INSTRUCTIONS TO FOLLOW: Begin at the line that contains "homemade meyer lemon curd with fresh lemons" and reproduce it along with every line after it to the end of the listing; skip any pictures.

DATA SHOWN:
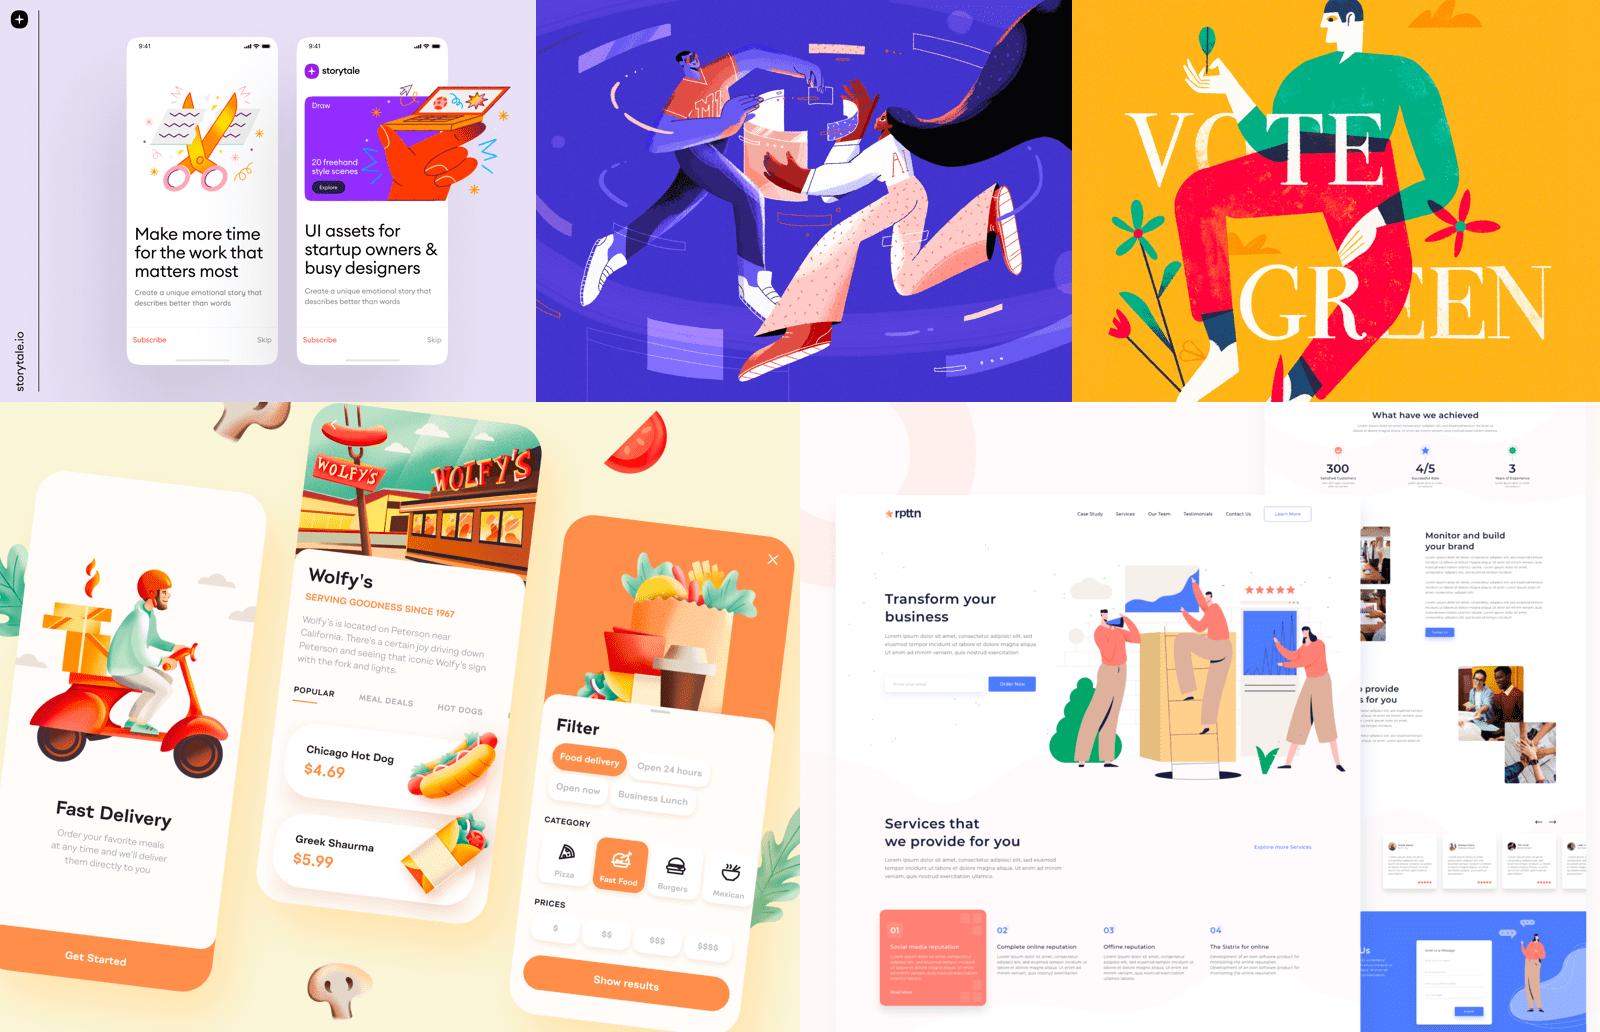 Illustrations used in UX/UI design
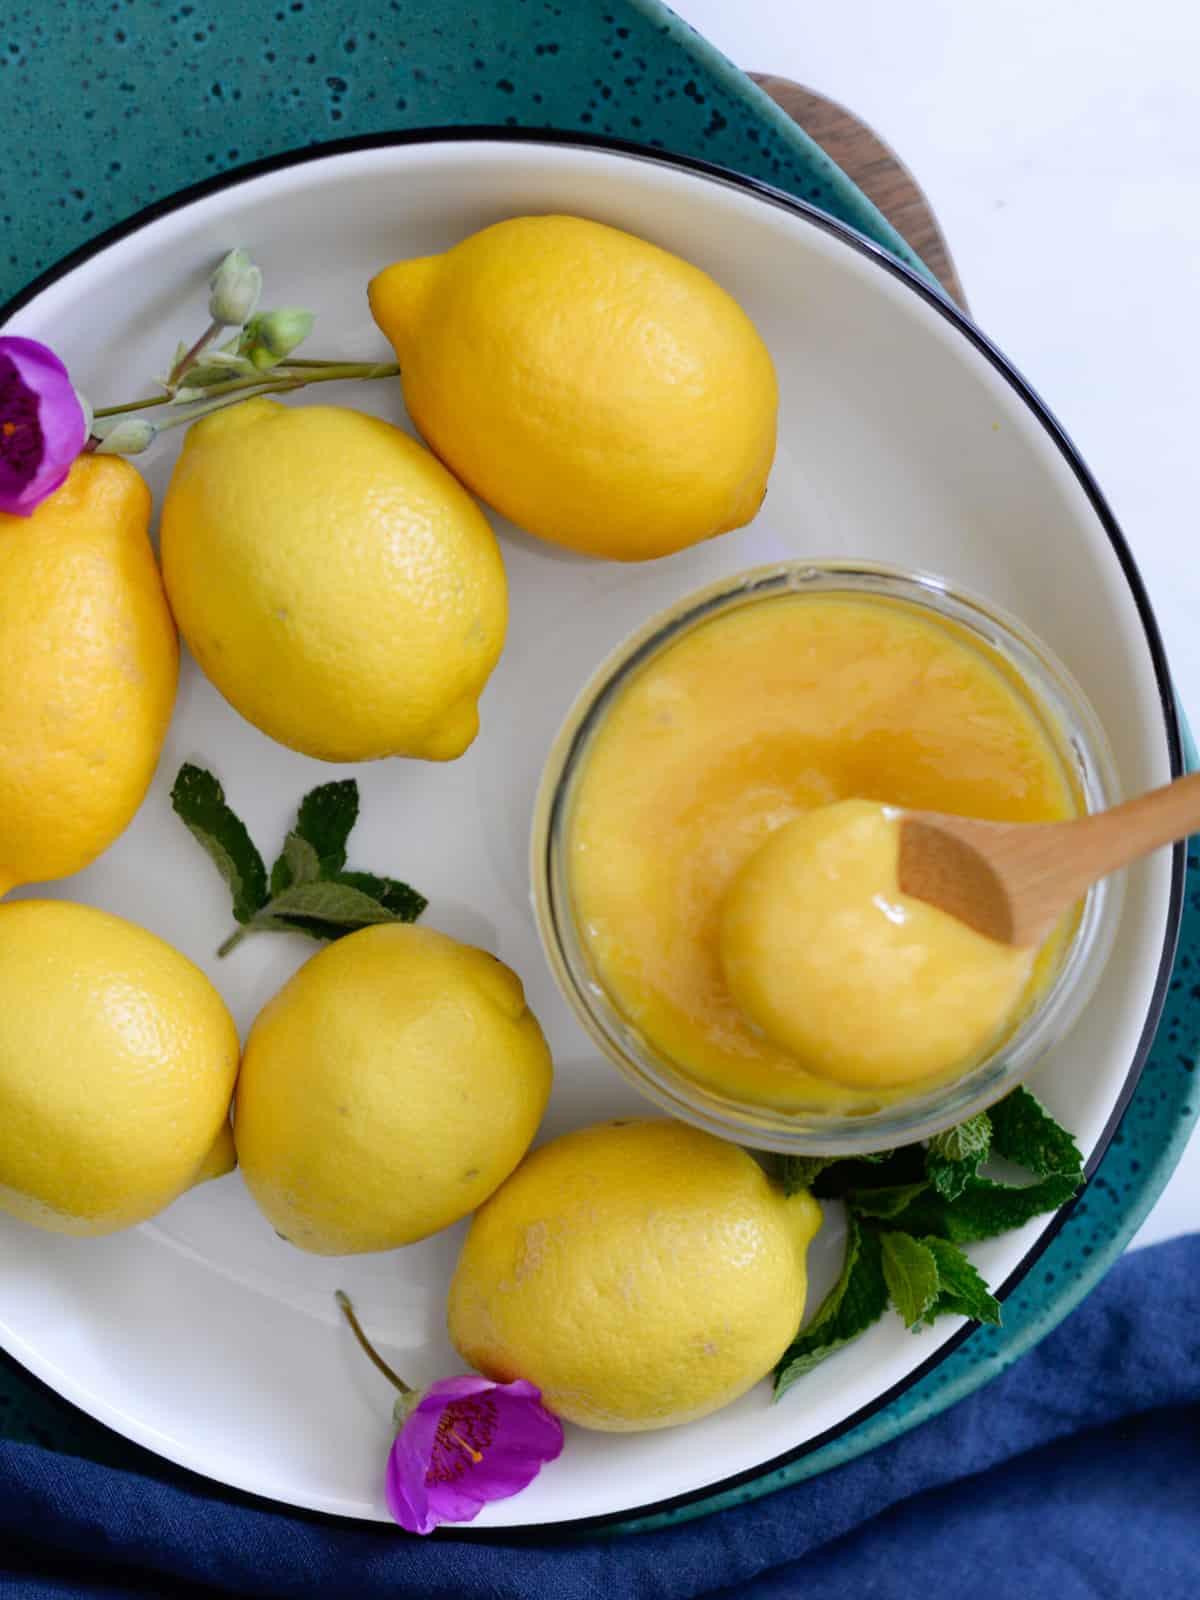 homemade meyer lemon curd with fresh lemons
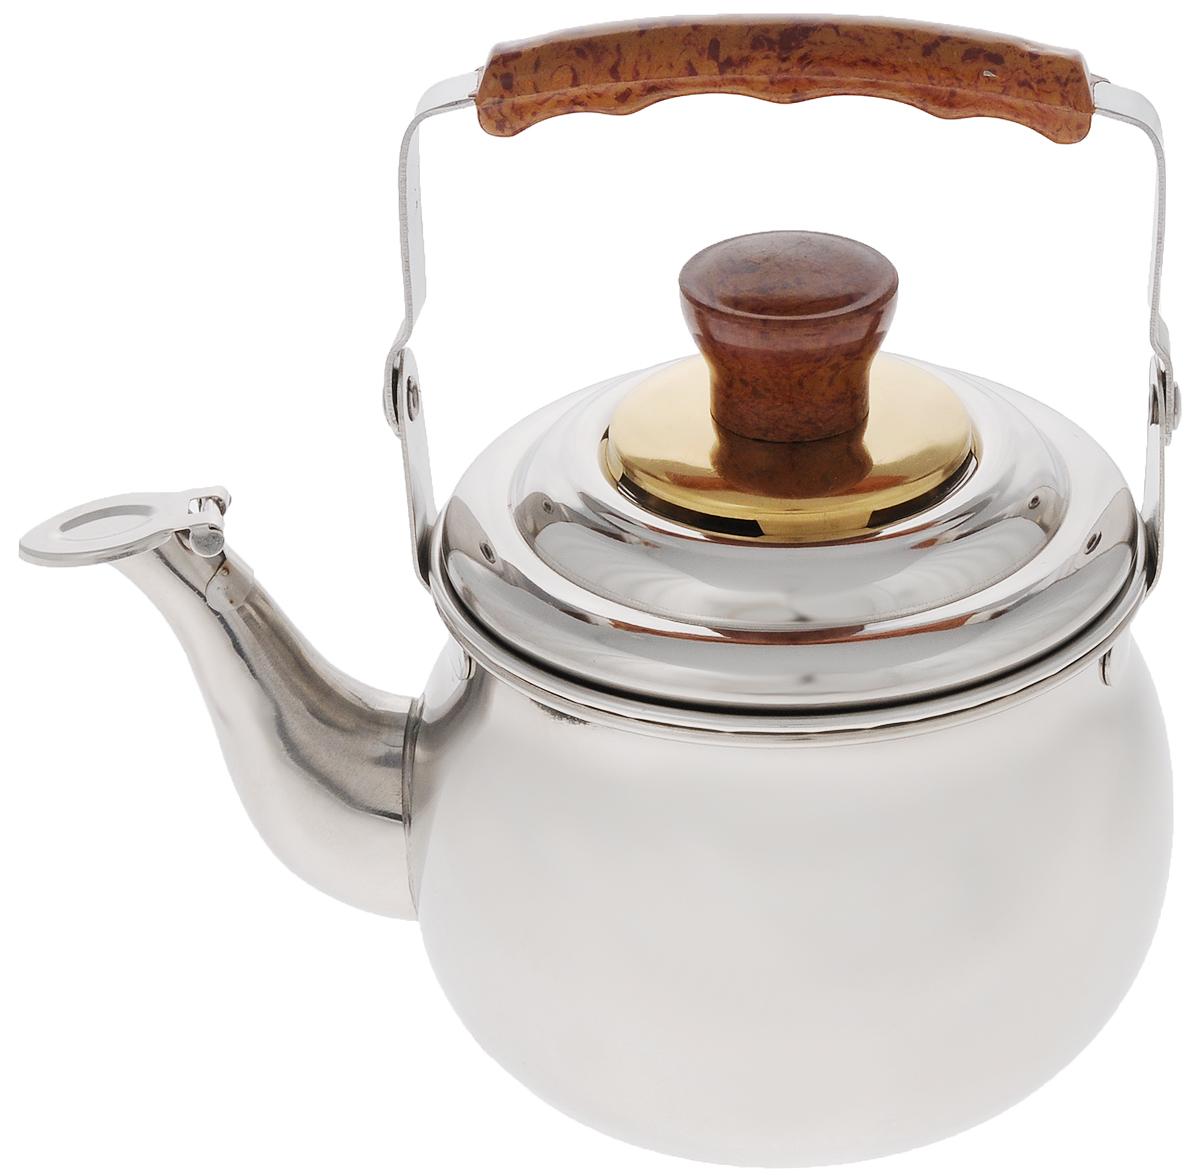 Чайник заварочный Mayer & Boch, со свистком, с фильтром, 700 мл23509Заварочный чайник Mayer & Boch выполнен из высококачественной нержавеющей стали, что обеспечивает долговечность использования. Эргономичная подвижная ручка из бакелита, декорированная под дерево, делает использование чайника очень удобным и безопасным. Чайник снабжен съемным фильтром для чая и свистком, который подскажет, когда вода закипела. В таком чайнике очень удобно готовить заварку прямо на газу. Подходит для использования на электрических, газовых, стеклокерамических плитах. Можно мыть в посудомоечной машине. Диаметр чайника (по верхнему краю): 10,5 см. Высота чайника (без учета ручки и крышки): 8 см. Высота фильтра: 4,5 см. УВАЖАЕМЫЕ КЛИЕНТЫ! Обращаем ваше внимание, что объем чайника измерен по факту, с учетом максимального наполнения до кромки.

WRITTEN ANSWER:
 homemade meyer lemon curd with fresh lemons
 Чайник заварочный Mayer & Boch, со свистком, с фильтром, 700 мл23509Заварочный чайник Mayer & Boch выполнен из высококачественной нержавеющей стали, что обеспечивает долговечность использования. Эргономичная подвижная ручка из бакелита, декорированная под дерево, делает использование чайника очень удобным и безопасным. Чайник снабжен съемным фильтром для чая и свистком, который подскажет, когда вода закипела. В таком чайнике очень удобно готовить заварку прямо на газу. Подходит для использования на электрических, газовых, стеклокерамических плитах. Можно мыть в посудомоечной машине. Диаметр чайника (по верхнему краю): 10,5 см. Высота чайника (без учета ручки и крышки): 8 см. Высота фильтра: 4,5 см. УВАЖАЕМЫЕ КЛИЕНТЫ! Обращаем ваше внимание, что объем чайника измерен по факту, с учетом максимального наполнения до кромки.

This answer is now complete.